Ну, вот и все, можно уходить. И не надо обманывать себя, будто он чего-то ждет; он ничего не ждет на самом деле. Цвика присел на камень, с отстраненным любопытством разглядывая травинки, тонкие, уже начавшие желтеть колоски — что ж, уже осень, скоро пойдут дожди; единственное знакомое ему в городе дерево облетит и превратится в черный, пугающий силуэт на фоне стены с двумя острыми ветками-рогами, торчащими прямо в небо. Когда Цвика был еще ребенком, он часто представлял себе, как эти рога проткнут, наконец, небосвод, и оттуда, словно перья из разорванной подушки, посыплются на землю горячие золотые звезды. Наверное, земле будет больно от них; но люди — уже в который раз — не услышат ее сдавленного стона; а будут загадывать желания, глядя на крылатые огоньки, и радоваться, и верить, что счастье возможно...
— Привет! — послышался сзади чей-то непривычно высокий голос.
Цвика вздрогнул и быстро обернулся: ну, конечно, это была она.

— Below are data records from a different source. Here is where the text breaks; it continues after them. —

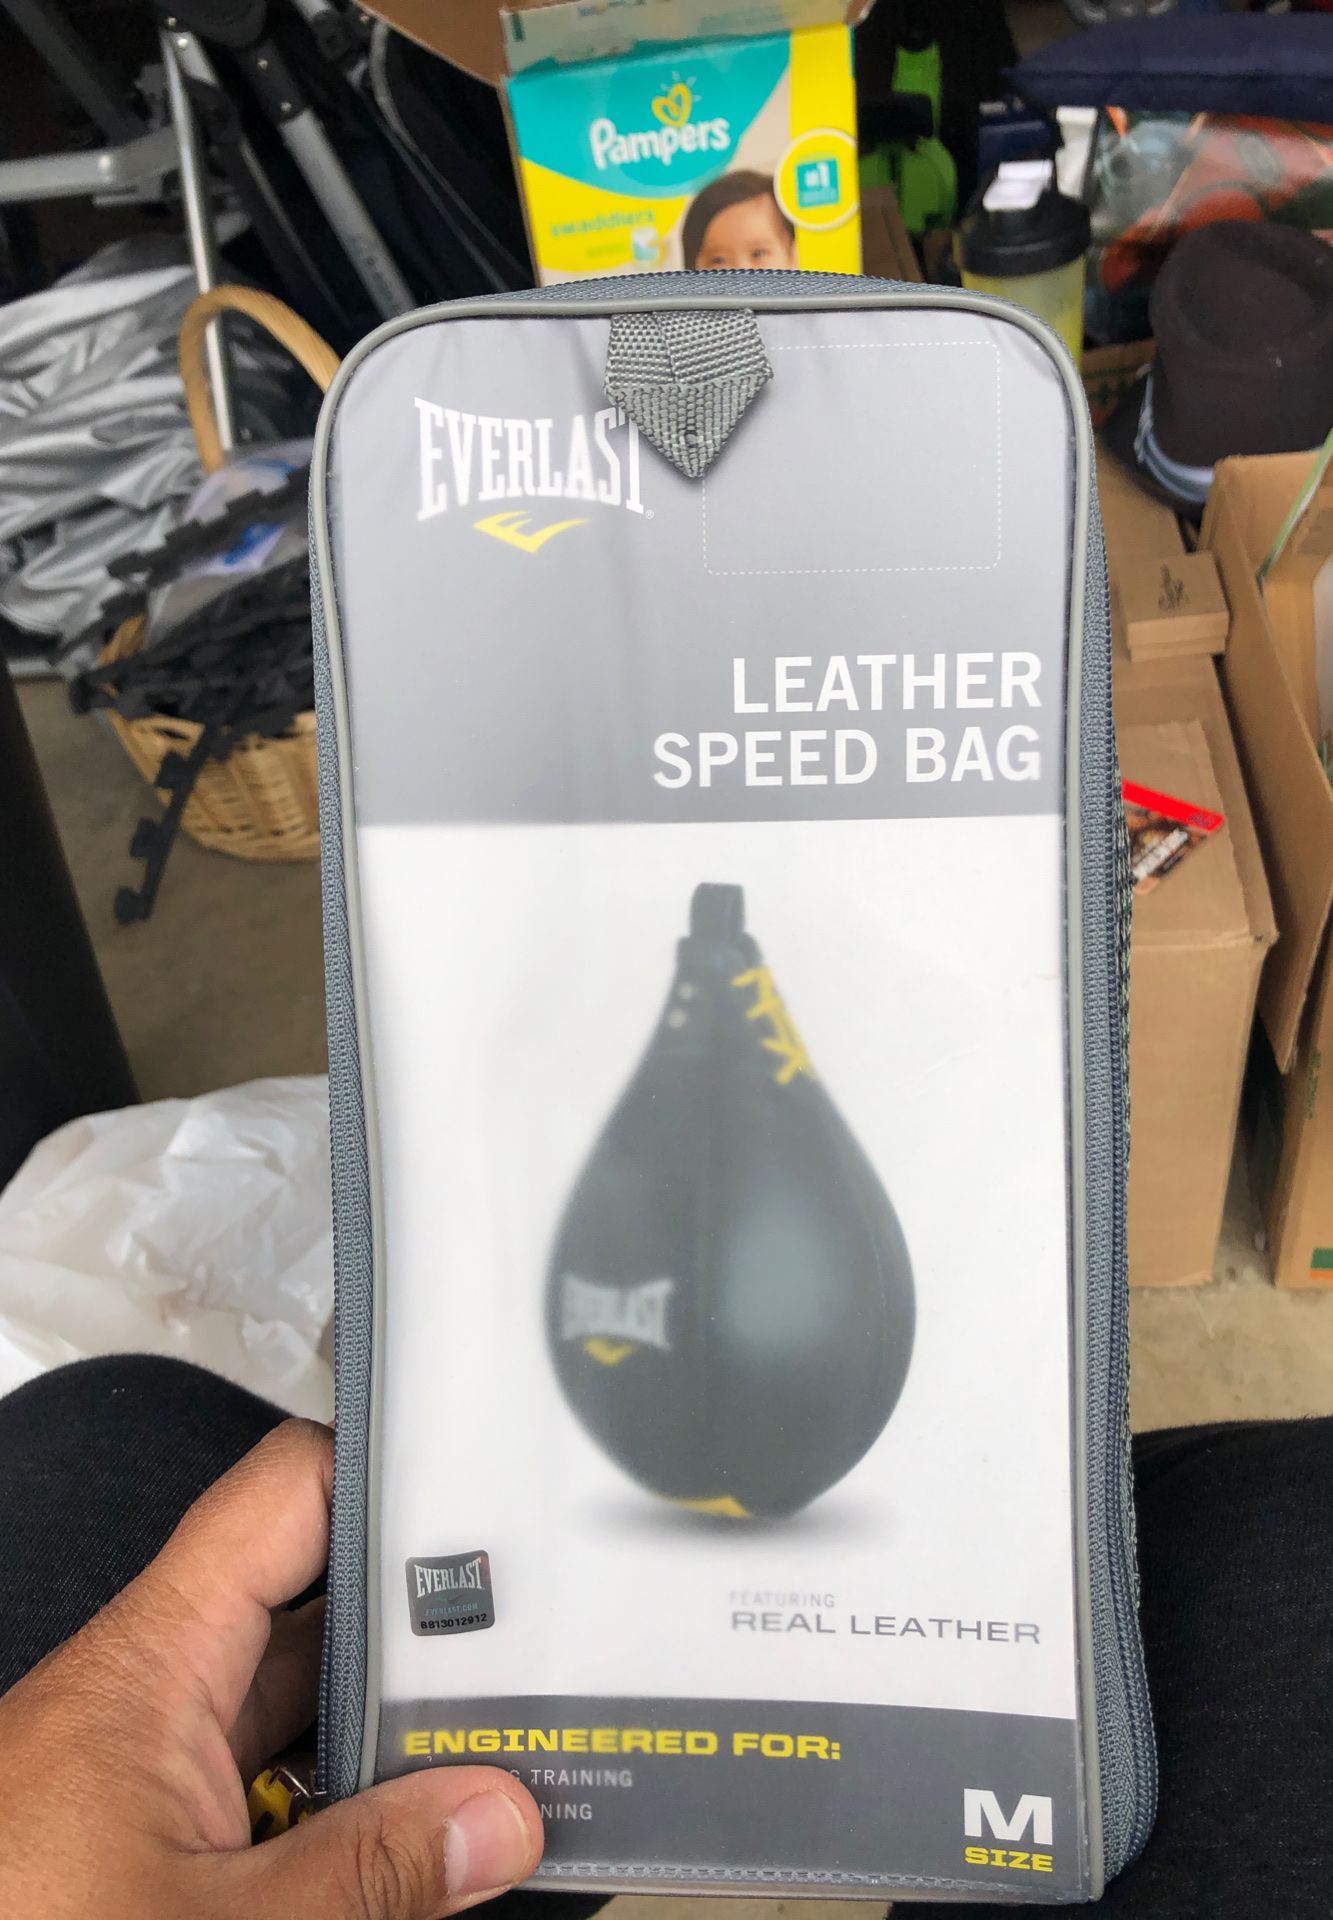 Everlast leather speed bag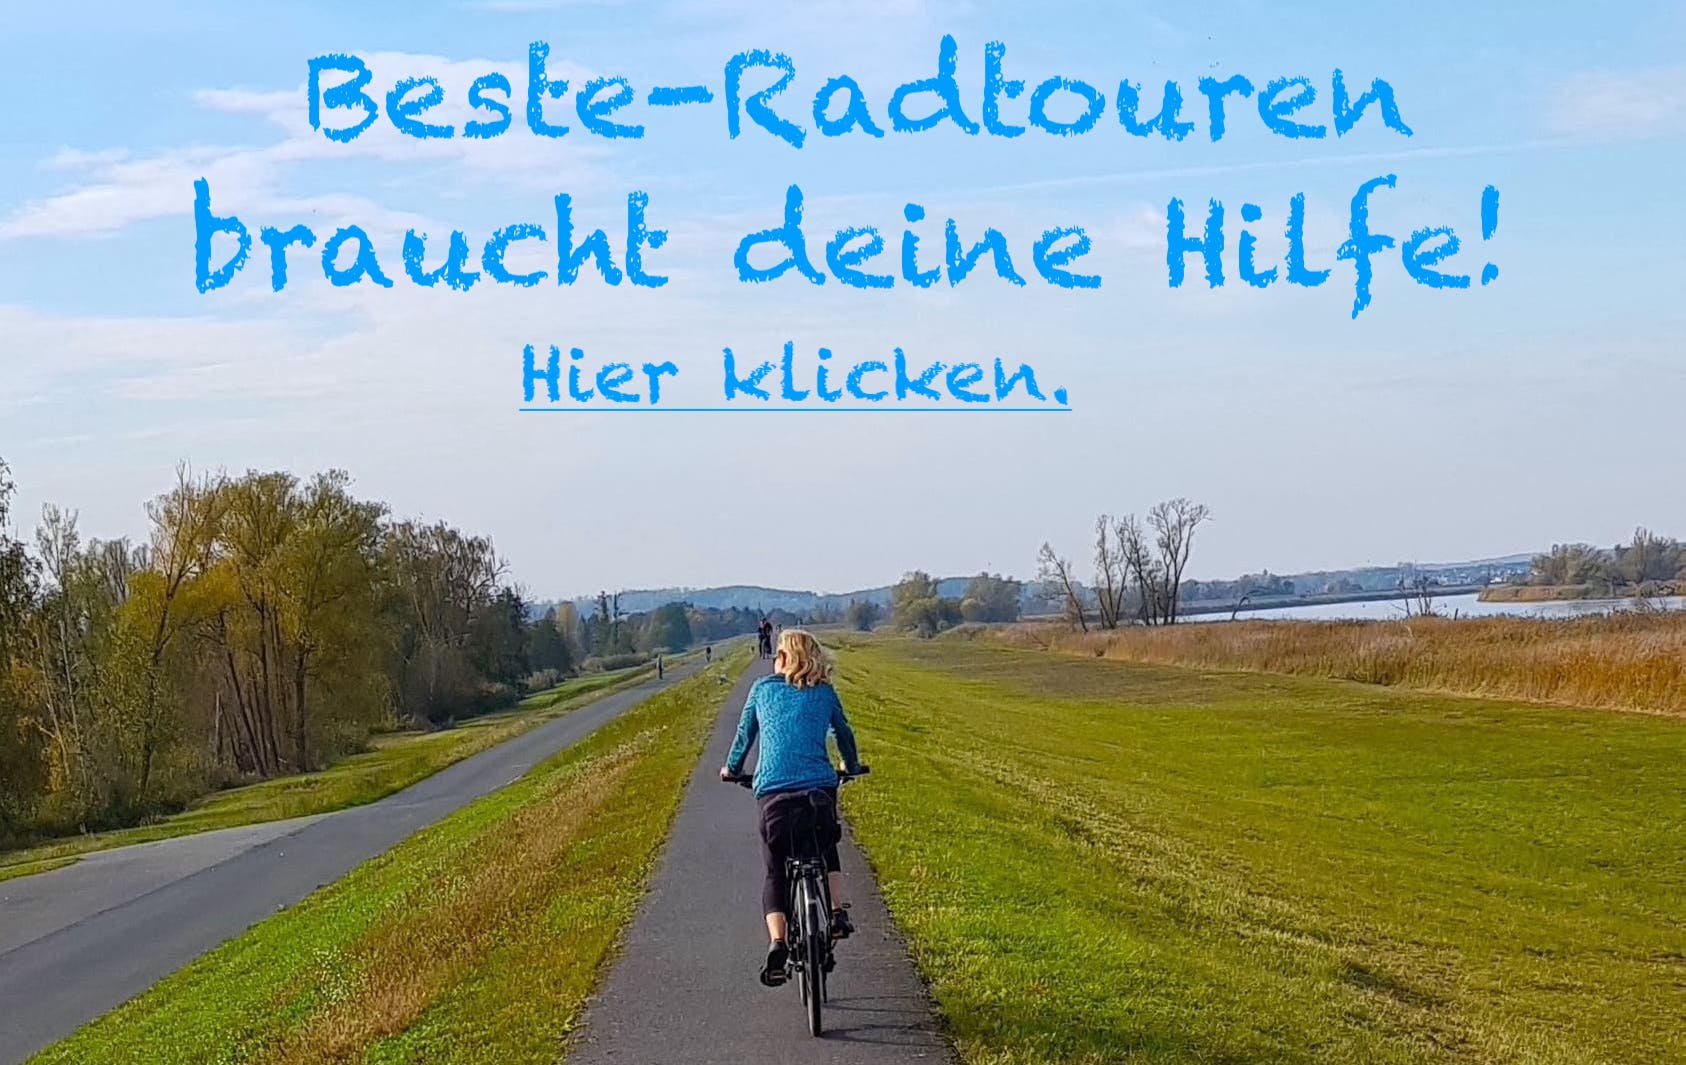 Aufruf von Beatrice Poschenrieder, die Webseite Beste-Radtouren.de zu unterstützen oder zu spenden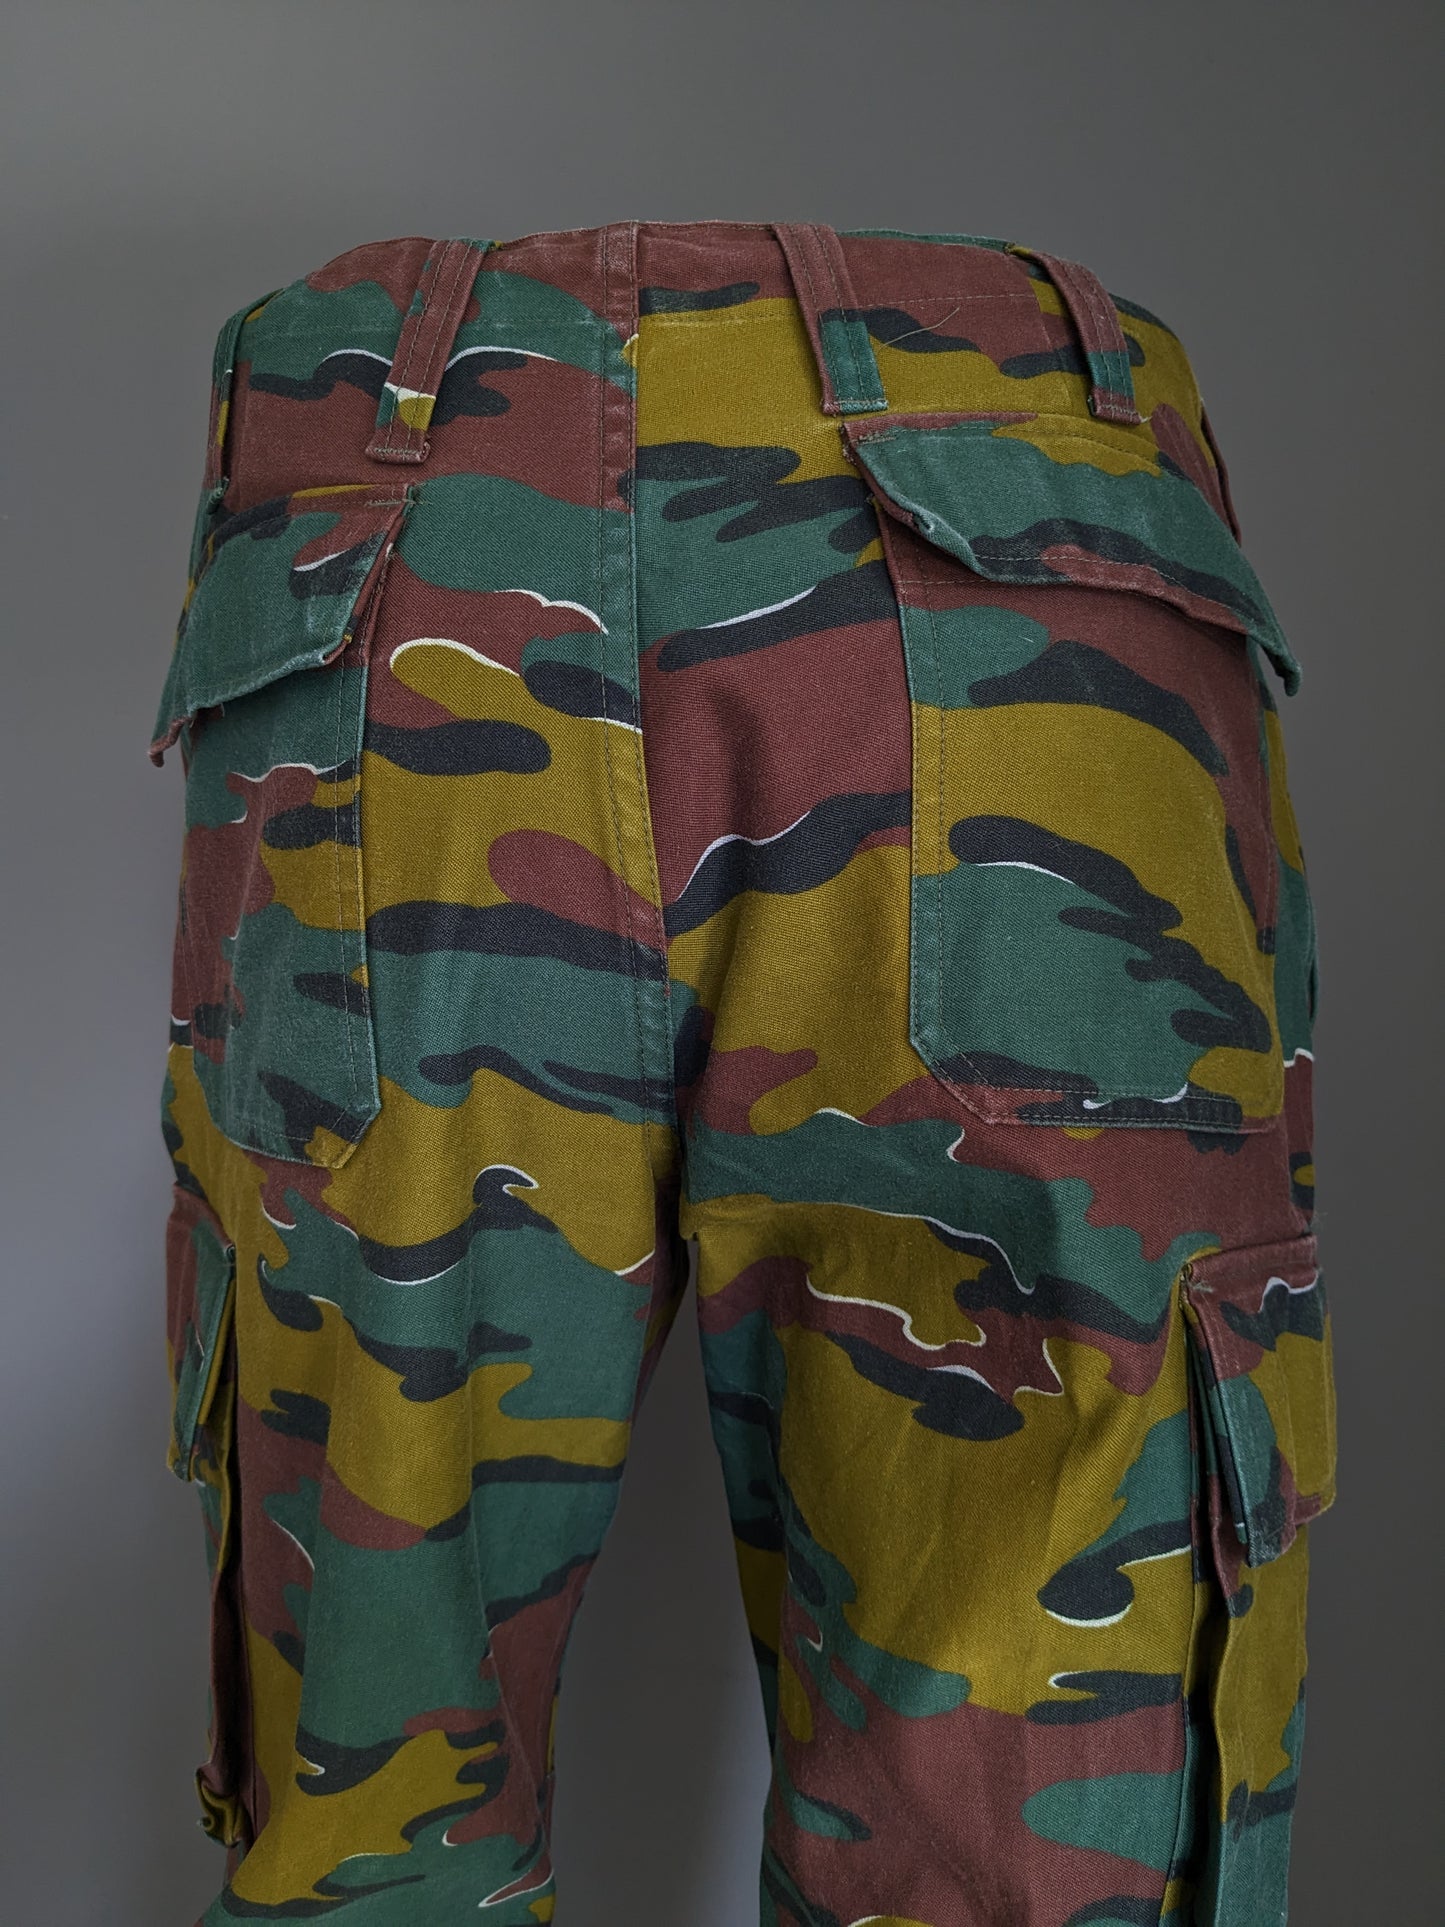 Pantalon de l'armée / de l'armée. Impression de camouflage vert brun. Taille M / L.

Та самая темноволосая девушка. На этот раз на ней было нечто ( и он вновь удивился причудливому покрою женской одежды) из тонкой, но непрозрачной, ярко-желтой материи, с легким осенним оттенком; и сама она была похожа на хрупкий, пожелтевший стебелек или блик света на серой стене, радостный, но неуловимый.
Мысленно Цвика сравнил стройную фигурку девушки со своей, и она показалась ему странной и как будто в чем-то неправильной. Впрочем, вполне вероятно, что и девушка, рассматривая его, пришла к аналогичному выводу.
— Что ты здесь делаешь? — вопрос Цвики прозвучал более грубо, чем ему хотелось бы. — Это наша территория.
— Разве? — удивилась девушка, но поспешно отступила в проем между прогнившими досками. — Я не знала, извини....
— Вот и стой там! — вырвалось у Цвики почти против его воли. — Мы не должны нарушать границ, — прибавил он уже мягче.
Девушка выглядела смущенной, словно ее поймали за совершением какого-то неприличного поступка, однако не уходила, а вместо этого присела на корточки, прислонившись спиной к забору; подол ее платья желтым полукругом лег вокруг нее на землю, в пыль. Эта болезненно-яркая ткань притягивала к себе взгляд Цвики, он щурился, словно глядя на солнце, и снова с тоской думал, что самое лучшее для него сейчас — это встать и уйти. Но он знал, что не уйдет.
— Меня зовут Мириам, — сказала девушка.
— Мириам, — повторил он, словно пробуя это имя на вкус. — Мириам... Можешь называть меня Цвикой.
Она смотрела на него золотисто-карими, по-детски широко распахнутыми глазами, но испуг, вызванный неожиданной встречей, уже прошел.
— Знаешь, Цвика, я никогда еще не видела мужчин так близко...
Цвика насмешливо кивнул.
— Не могу похвастаться обратным. И не скажу, что мне этого не хватало.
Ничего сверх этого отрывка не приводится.